## [Dataset section]

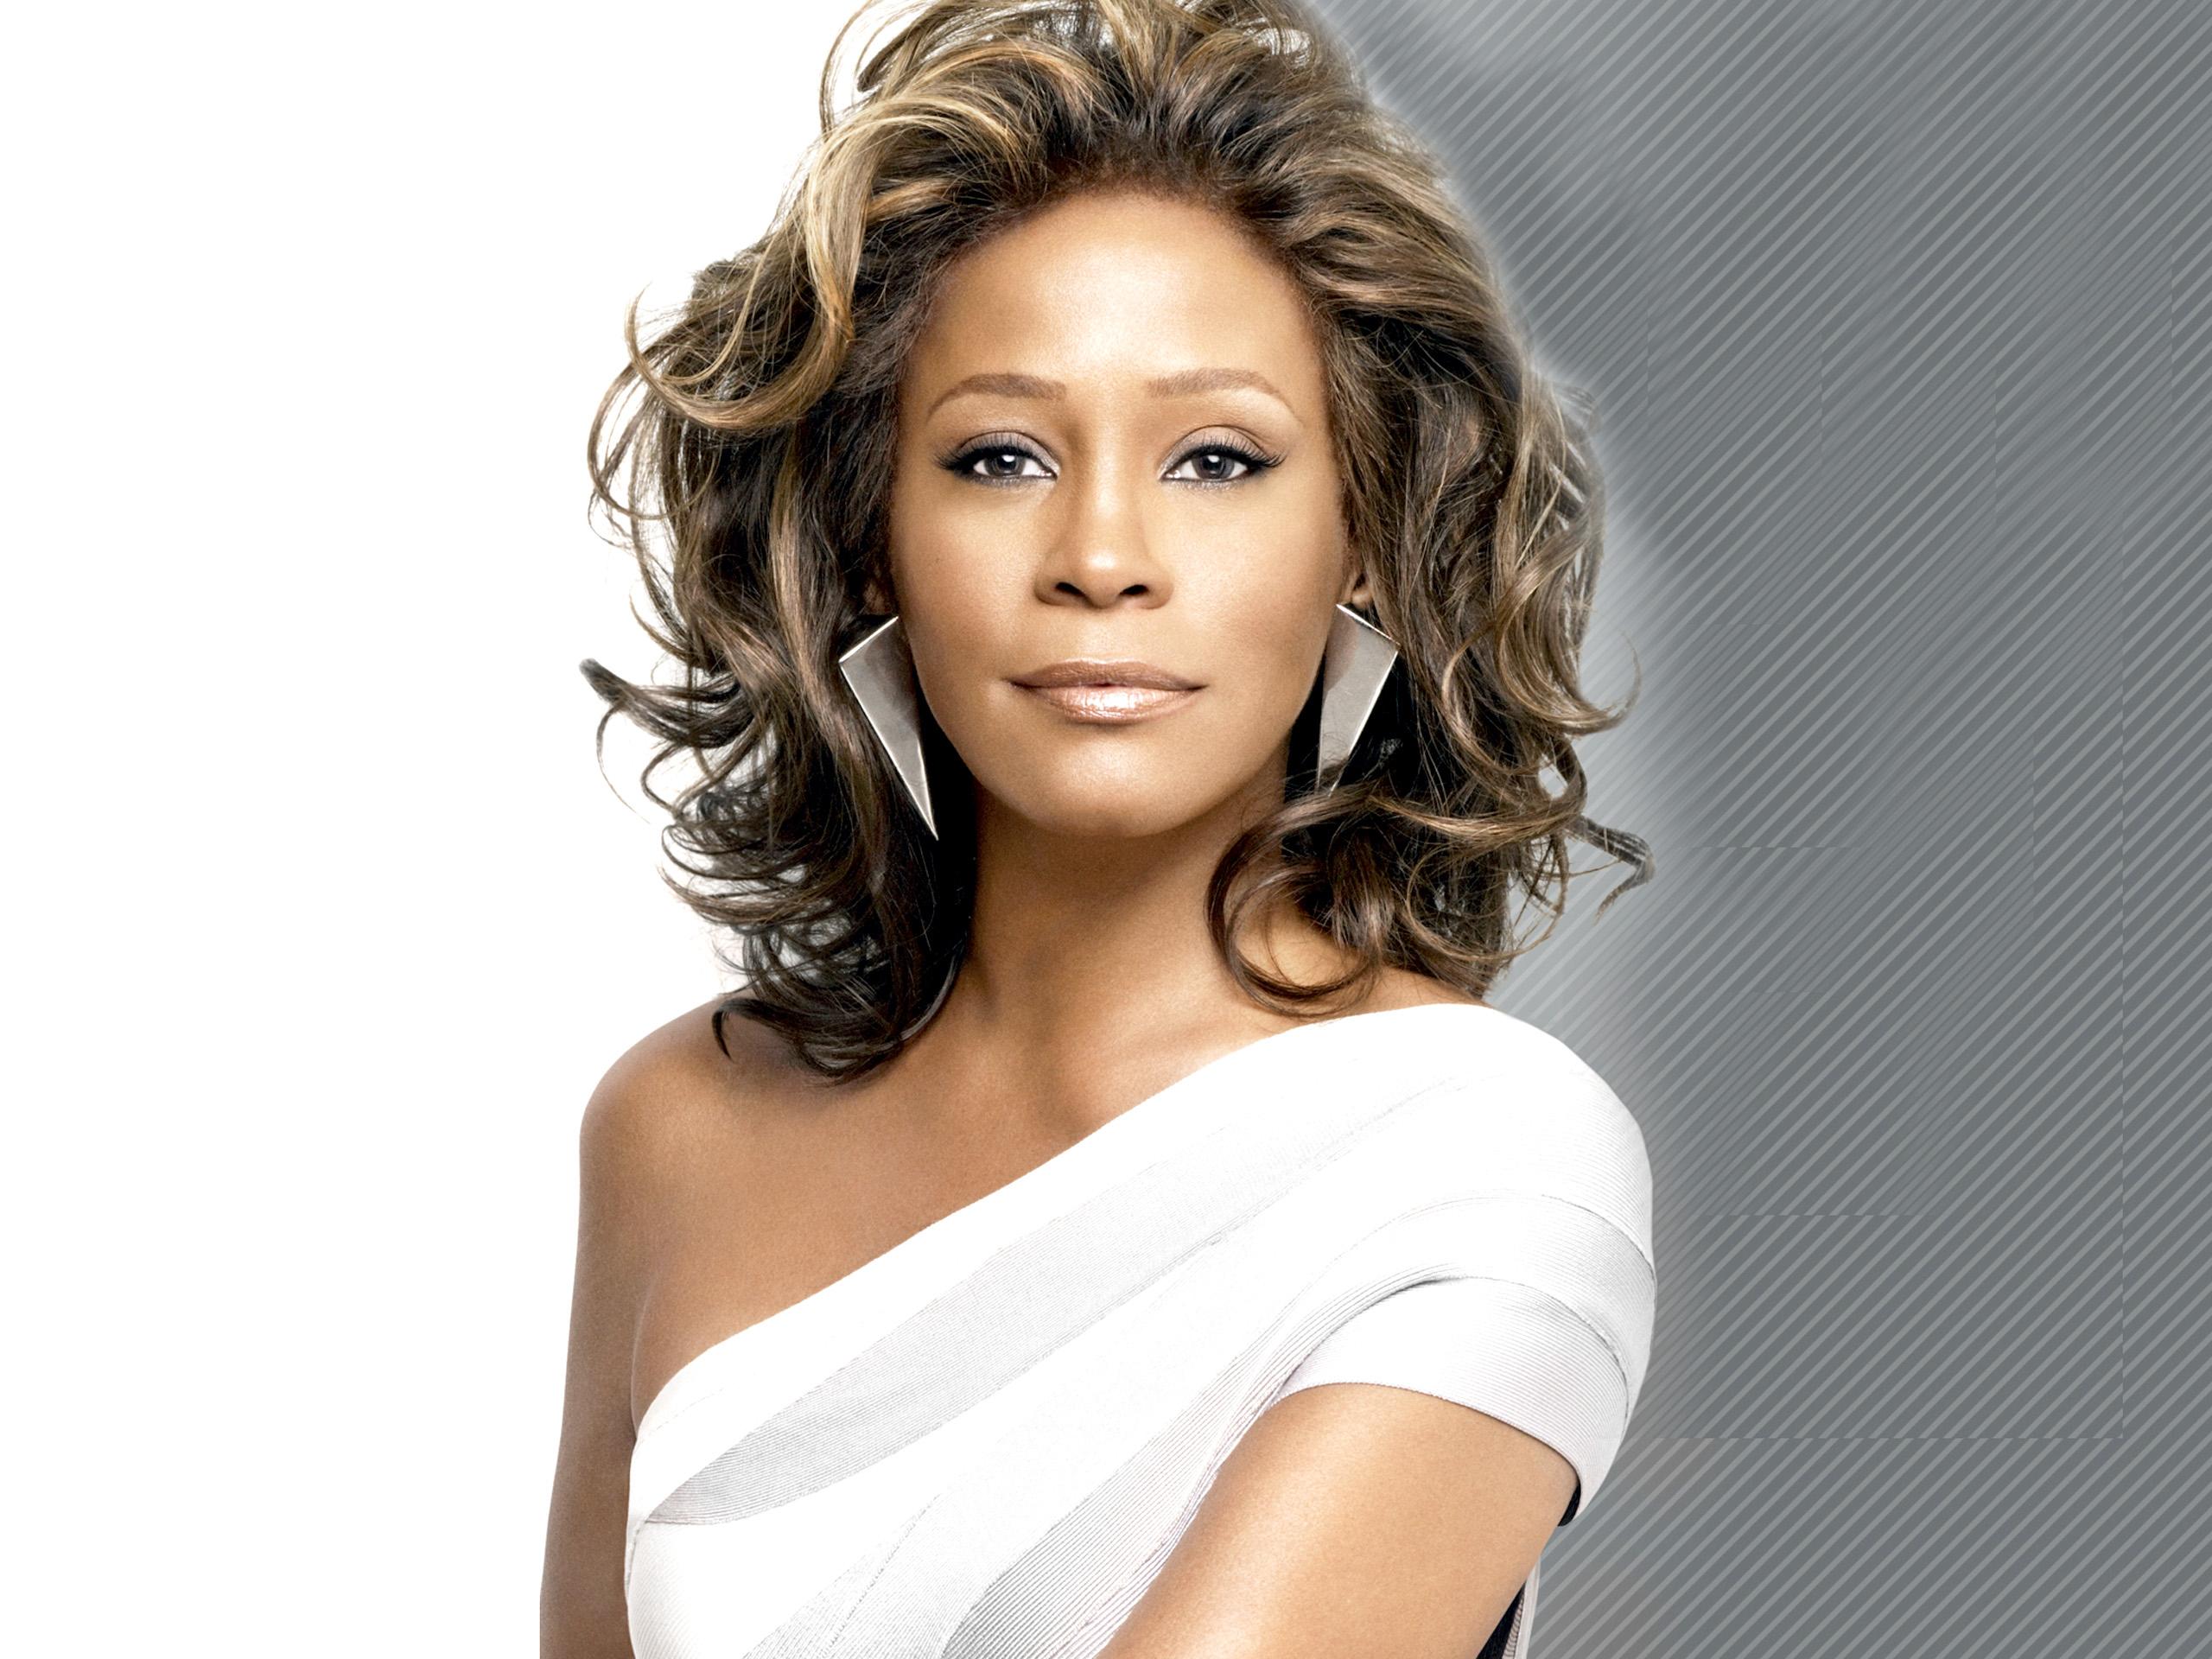 Singer Whitney Houston  - age: 48
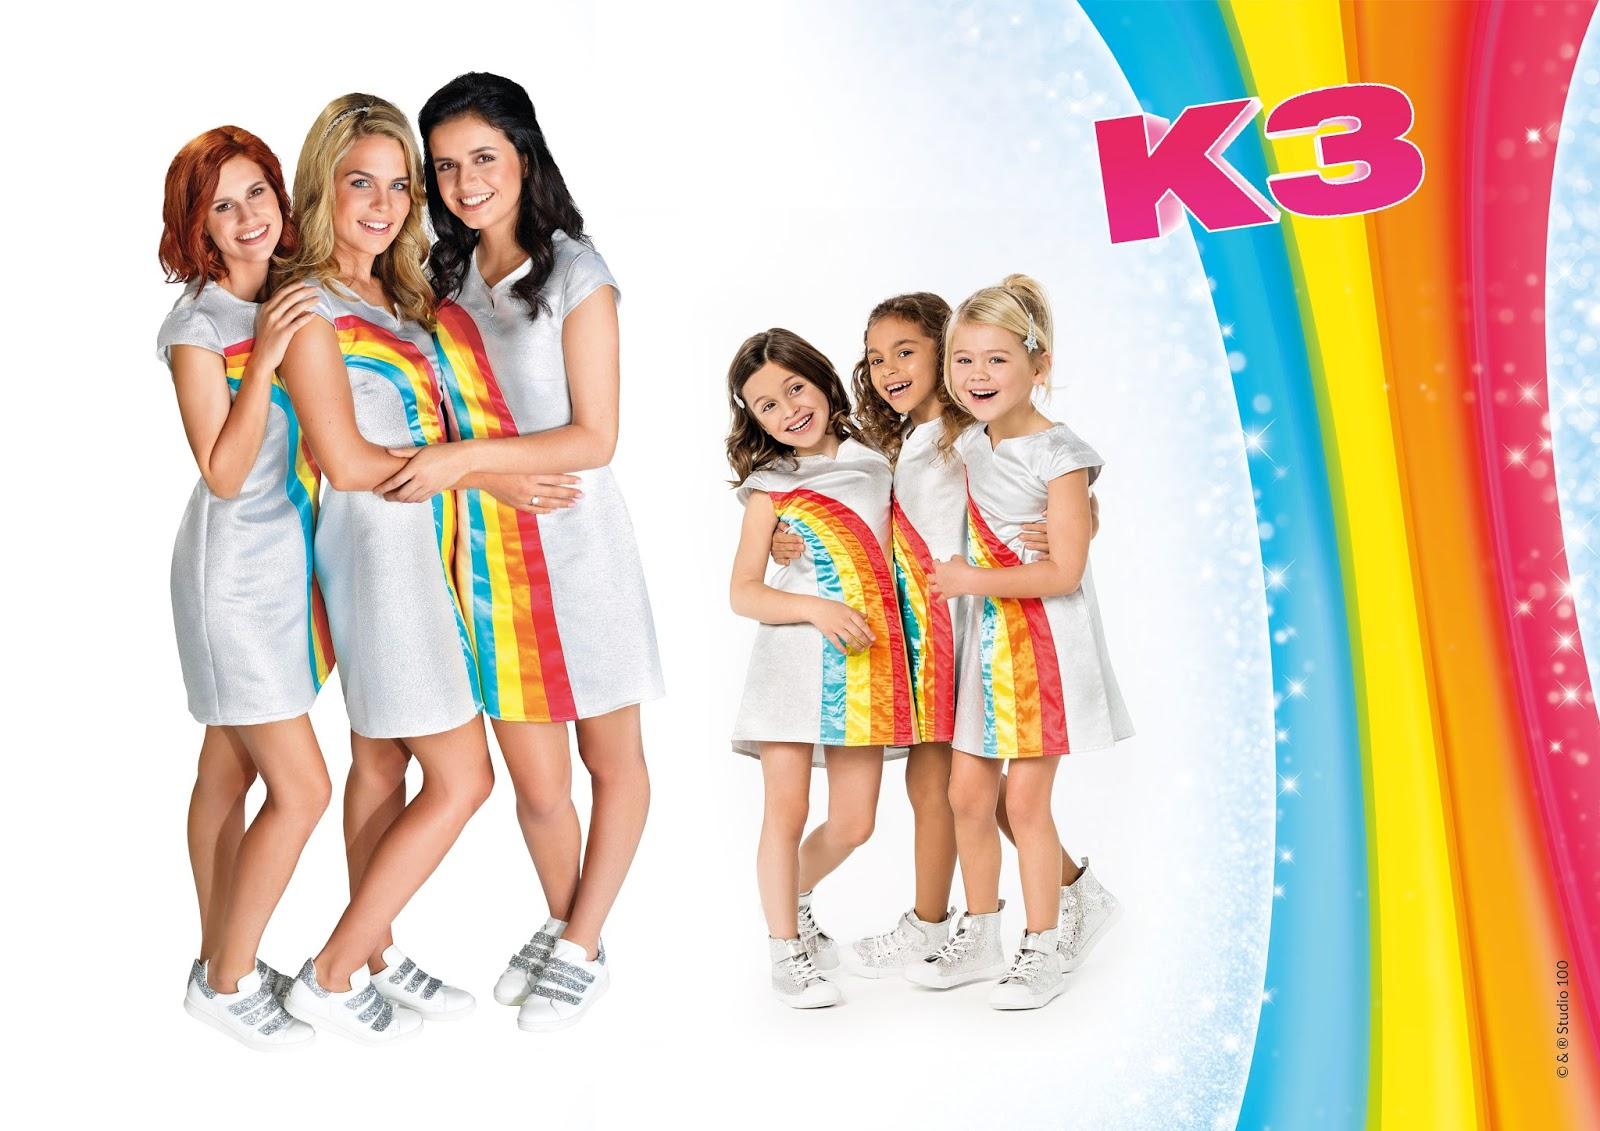 k3 regenboog
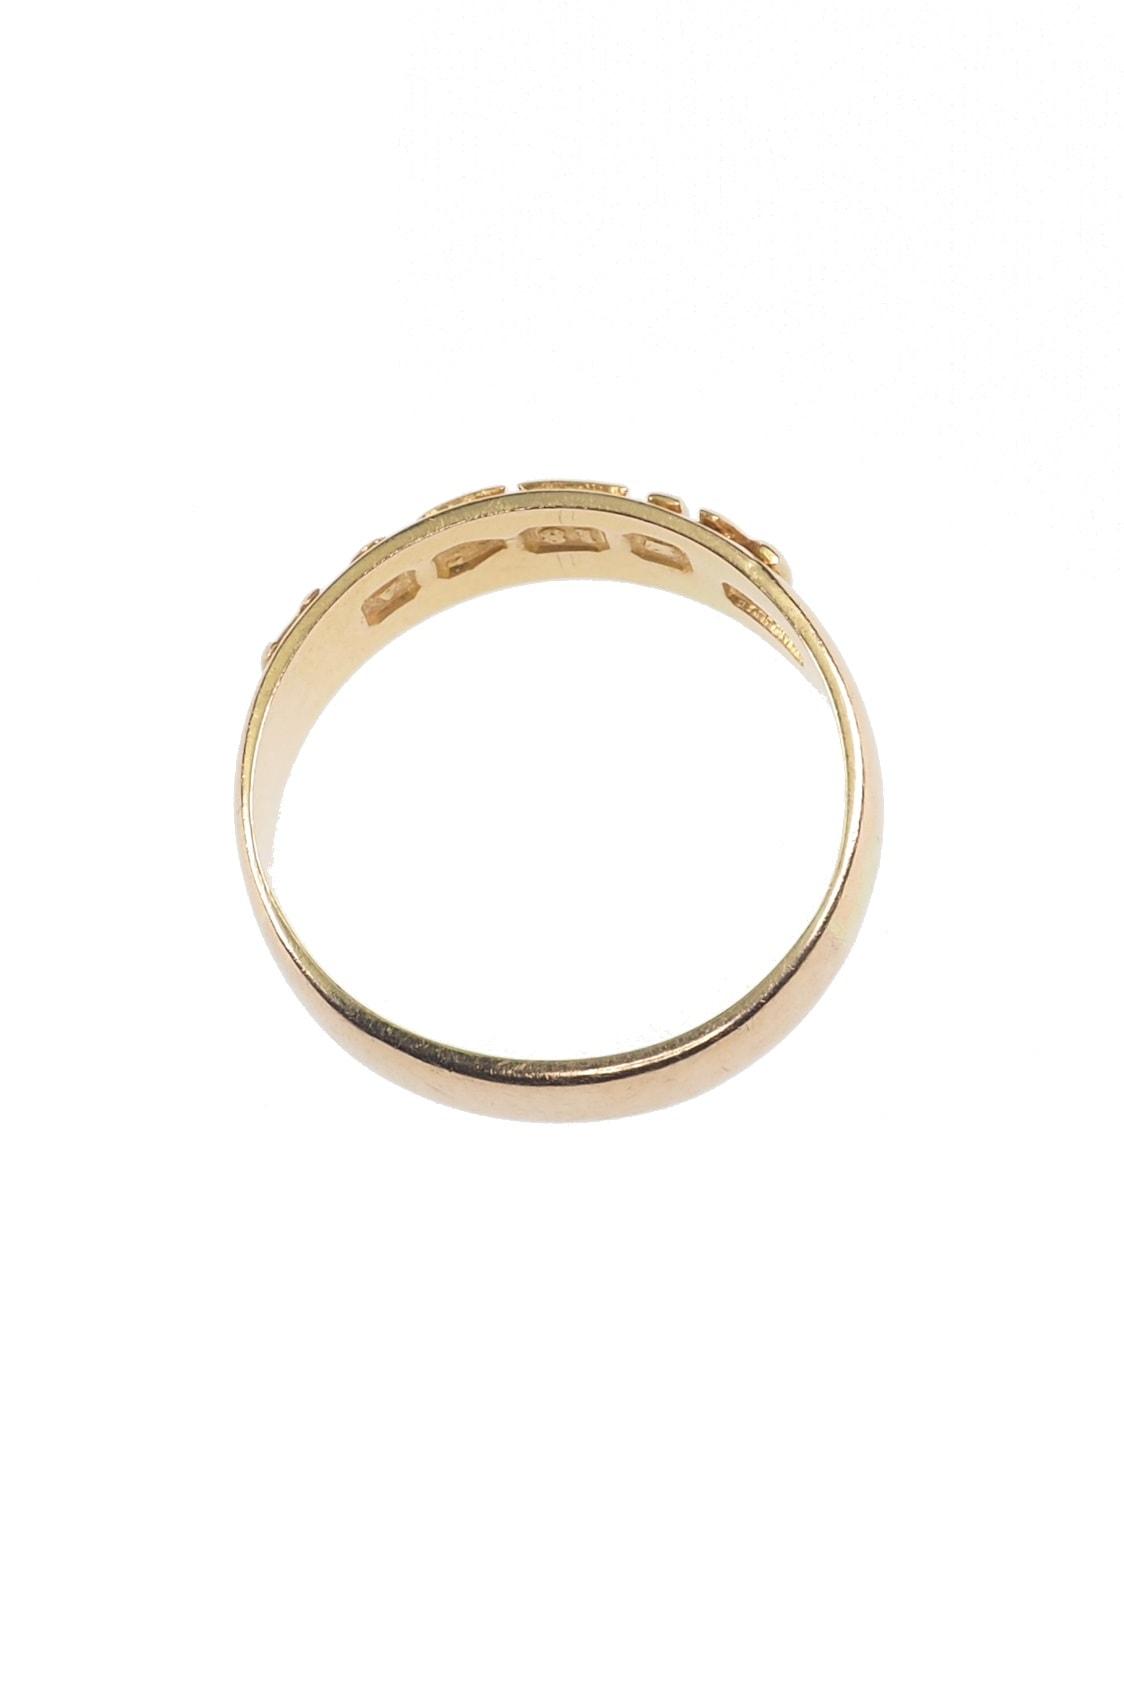 antike-Goldringe-online-kaufen-0225b

## [Directions for this task]
Everything in the material above is to be reproduced exactly, pictures aside.

## [Result below]
 Singer Whitney Houston  - age: 48
 k3 regenboog
 antike-Goldringe-online-kaufen-0225b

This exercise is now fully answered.